METHODS: The clinical, serological, radiological and operative features of twelve patients with obviously wall-thickening or mass-forming
xanthogranulomatous cholecystitis were retrospectively analyzed. Additionally, the patient preoperative features were compared to those of 36 patients with advanced
gallbladder cancers.
RESULTS: Twelve patients with
xanthogranulomatous cholecystitis exhibited one to three episodes of
acute cholecystitis within 0.5 to 7 months prior to admission to the hospital. Five of these patients exhibited concomitant
choledocholithiasis, whereas no concomitant
choledocholithiasis was identified in patients with advanced
gallbladder cancer. The incidence of
abdominal pain (χ(2) = 6.588, P = 0.010),
acute cholecystitis (χ(2) = 29.176, P = 0.000), acute
cholangitis (χ(2) = 6.349, P = 0.012),
choledocholithiasis (χ(2) = 16.744, P = 0.000),
carcinoembryonic antigen test (P = 0.007), CA125 (P = 0.001), and diffuse gallbladder wall thickening (χ(2) = 6.031, P = 0.014), continued mucosal line (χ(2) = 15.745, P = 0.000), homogeneous enhancement of mucosal line (χ(2) = 19.947, P = 0.000), submucosal hypoattenuated nodules or band (χ(2) = 18.607, P = 0.000) in computed tomography demonstrated statistically significant differences between cases of
xanthogranulomatous cholecystitis and
gallbladder cancer.
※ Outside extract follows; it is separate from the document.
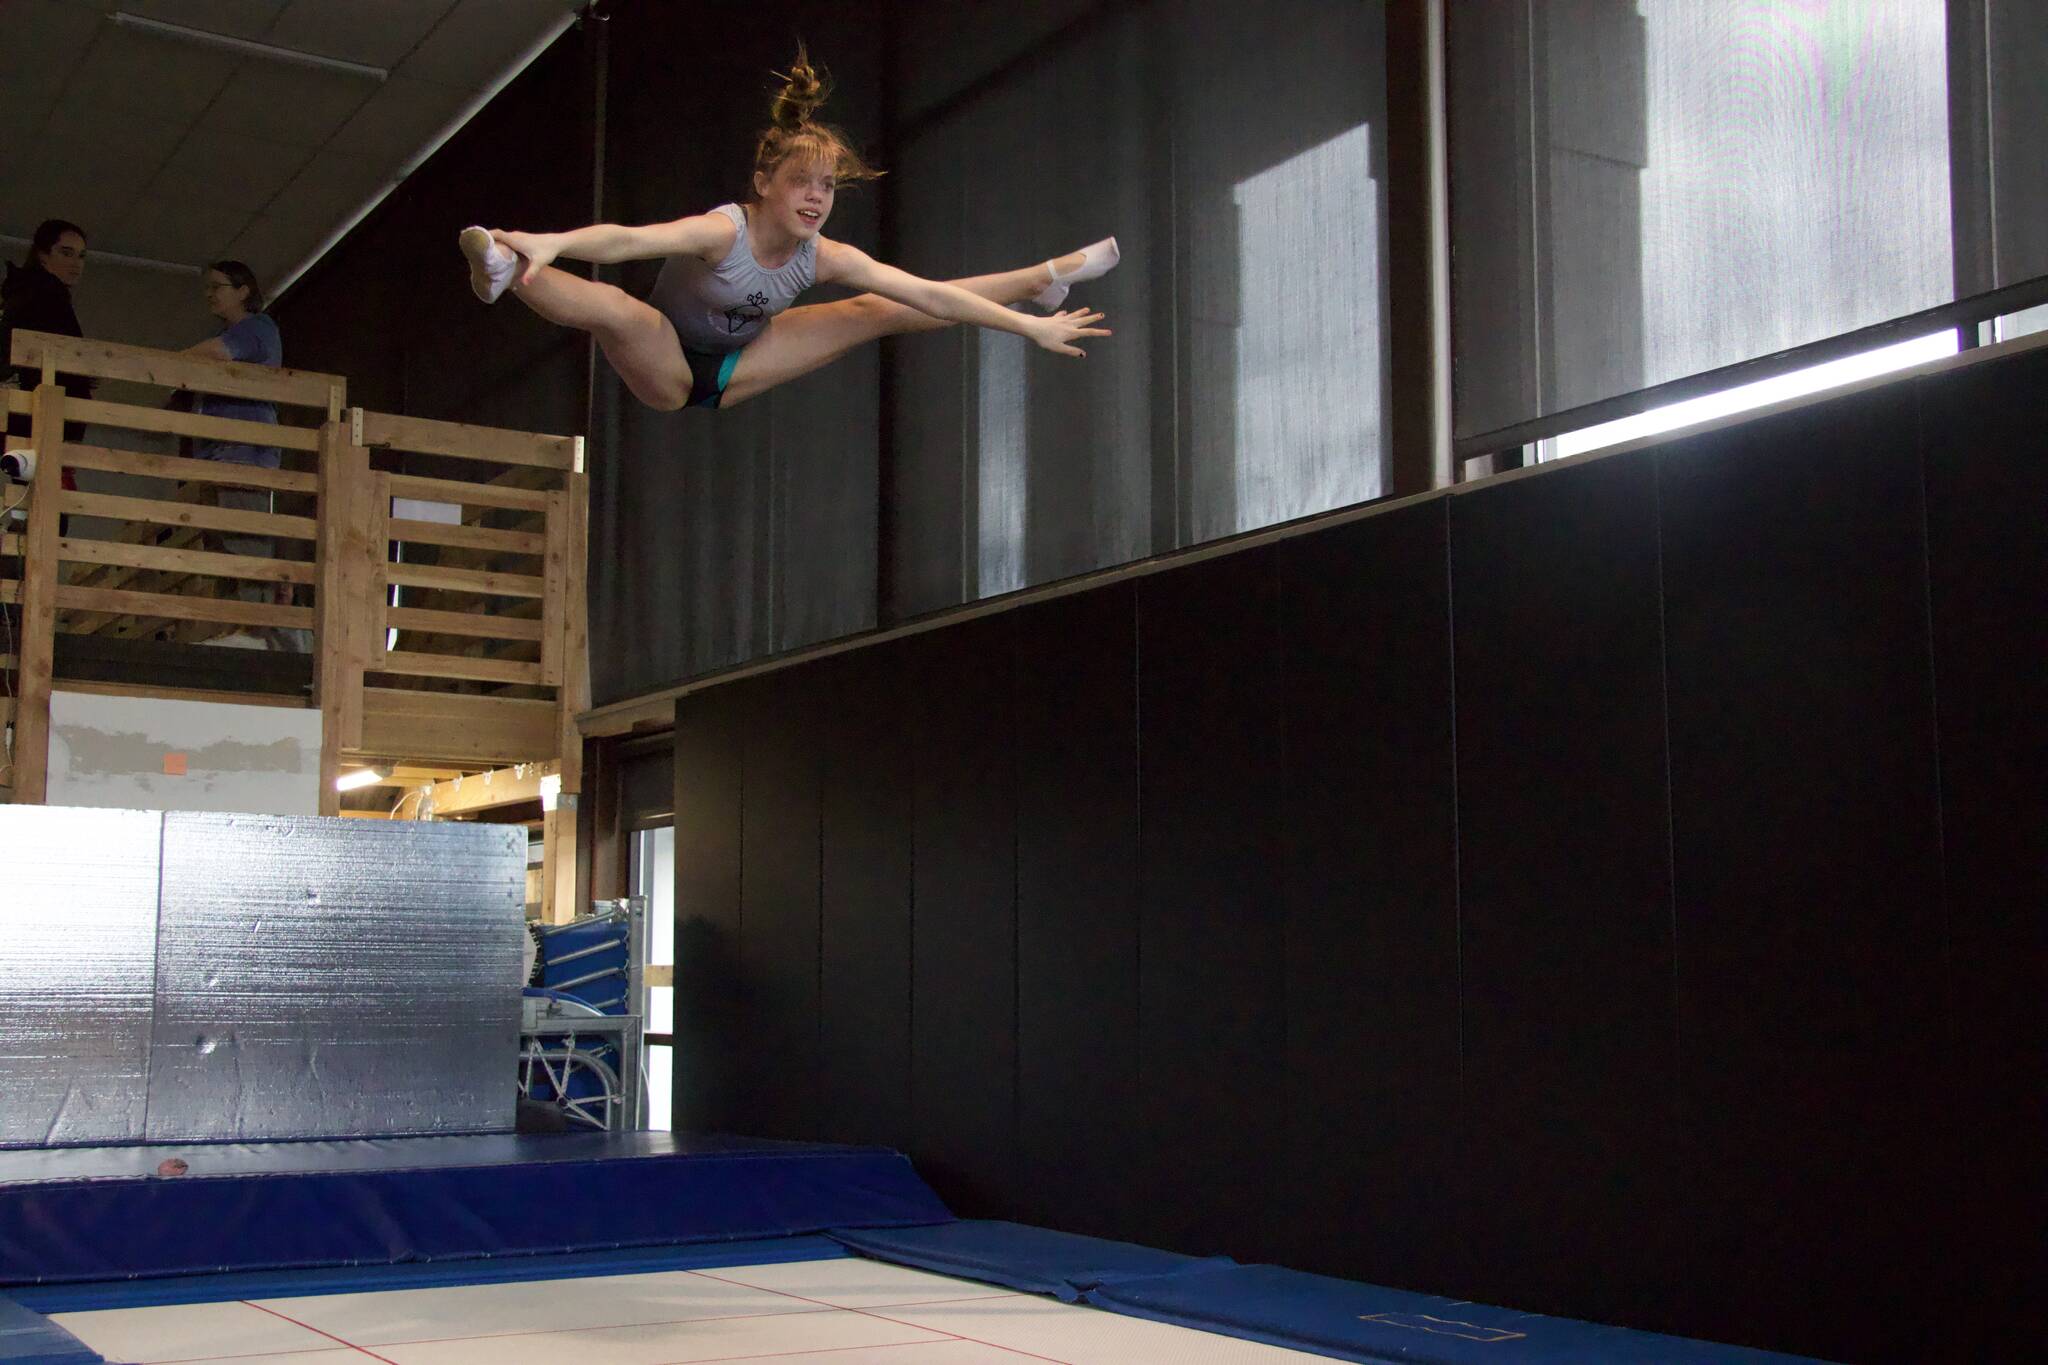 Malaina Yargo, 14, straddle jumps on a trampoline. Yargo is a national qualifier in double mini. (Photo by Rachel Rosen/Whidbey News-Times)

Furthermore, all the twelve patients with
xanthogranulomatous cholecystitis exhibited at least one positive computed tomography imaging feature aside from past
acute cholecystitis episode, and no patient with advanced
gallbladder cancer simultaneously exhibited past
acute cholecystitis episode and at least one positive computed tomography imaging feature.